This is autoimmune, not lifestyle. It is not caused by eating too much sugar, by being overweight, or by anything a person did or did not do before diagnosis. The triggers that set the autoimmune process in motion are still under research; the mechanism, immune-mediated loss of insulin-producing cells, is settled.
Why insulin is essential, not optional
Insulin is the signal that lets glucose move from the bloodstream into muscle, fat, and liver cells, where it is used for energy or stored for later. Without insulin, glucose stays in the bloodstream and rises; the body then breaks down fat for fuel, which produces ketones. High glucose plus rising ketones is diabetic ketoacidosis (DKA), a medical emergency.
For someone living with type 1 diabetes, insulin is not a treatment that makes things better. It is the missing signal that has to be replaced, every day, for life. Pumps deliver it continuously through a small cannula under the skin. Pens deliver it as injections at meals and once or twice a day for background cover. The job is the same in both cases: to put insulin into the body in roughly the right amount at roughly the right time, and to learn from what happens next.
The job, stated plainly. A working pancreas adjusts insulin every few seconds based on glucose, exercise, food, illness, and stress. Type 1 diabetes asks the person and their tools to do that job from outside the loop. The Foundations guide is the working knowledge that makes the job manageable.
What changes after diagnosis
Three things shift on the day of diagnosis, and they keep shifting for months afterwards.
Glucose becomes a number that has to be checked. A working pancreas knows the glucose level continuously and adjusts. After diagnosis, the person has to know it instead, and act on it. Continuous glucose monitoring (CGM) is the tool that makes this possible without finger-pricks every couple of hours. Foundations Part 2 explores how it works and why it underpins everything else in this guide.

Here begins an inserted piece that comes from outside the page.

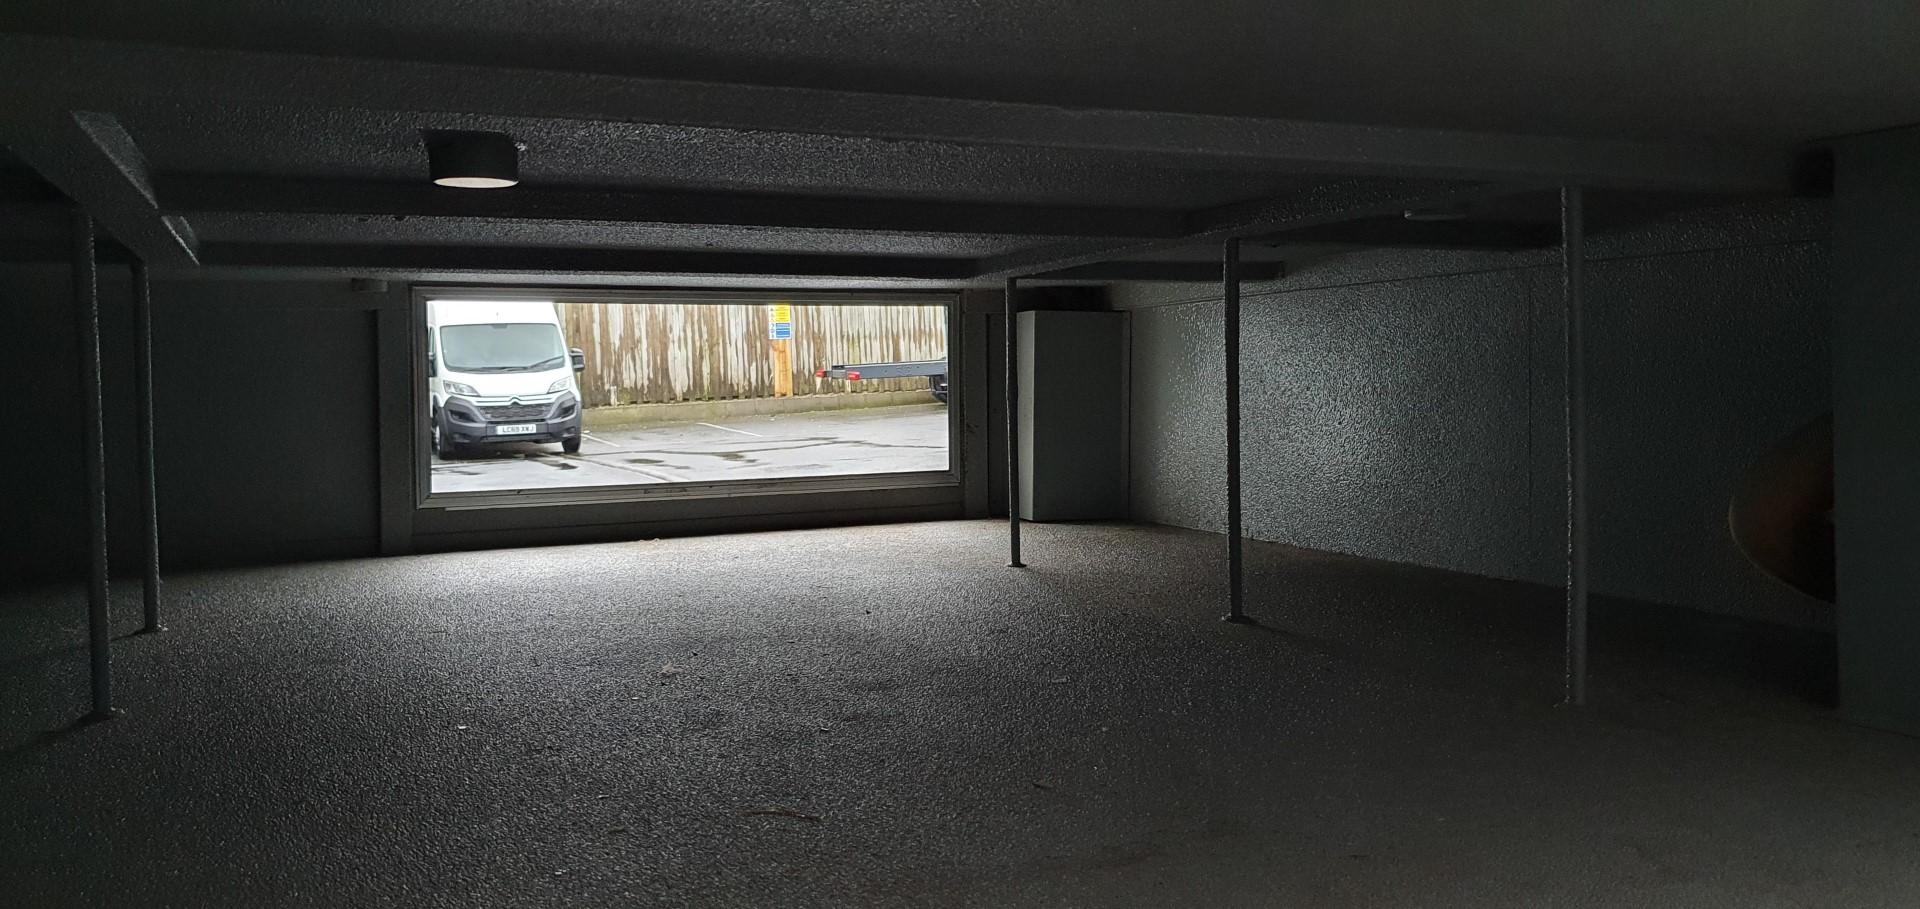 Underfloor storage

Food becomes information. Not a moral category, not a list of allowed and forbidden things, but information. Carbohydrate has the largest, fastest effect on glucose; understanding how much is in a meal is what lets a bolus dose be matched to it. Foundations Parts 6 and 7 cover this without the diet-culture overlay.
Daily life enters the loop. Sleep, stress, exercise, illness, hormones, alcohol: each of these moves glucose through different mechanisms and on different timescales. Most people do not realise how much these things mattered until type 1 diabetes makes them visible.
The honeymoon, and what comes after
For a few months after diagnosis, the remaining beta cells often produce a small amount of insulin. This is the honeymoon period. Glucose tends to behave better than it will later, and insulin doses are typically lower. The honeymoon ends gradually, not all at once, and the body’s own contribution falls toward zero over the following one to three years on average. The implication is straightforward: insulin doses will need to rise as the honeymoon fades, and what worked in the first six months will need to be revisited. This is normal physiology, not a sign that something has gone wrong.
This page is for educational exploration only. It describes general patterns and accepted clinical understanding. It is not medical advice and cannot replace individual guidance from your diabetes care team.
Part 1 of 12
What is Type 1 Diabetes?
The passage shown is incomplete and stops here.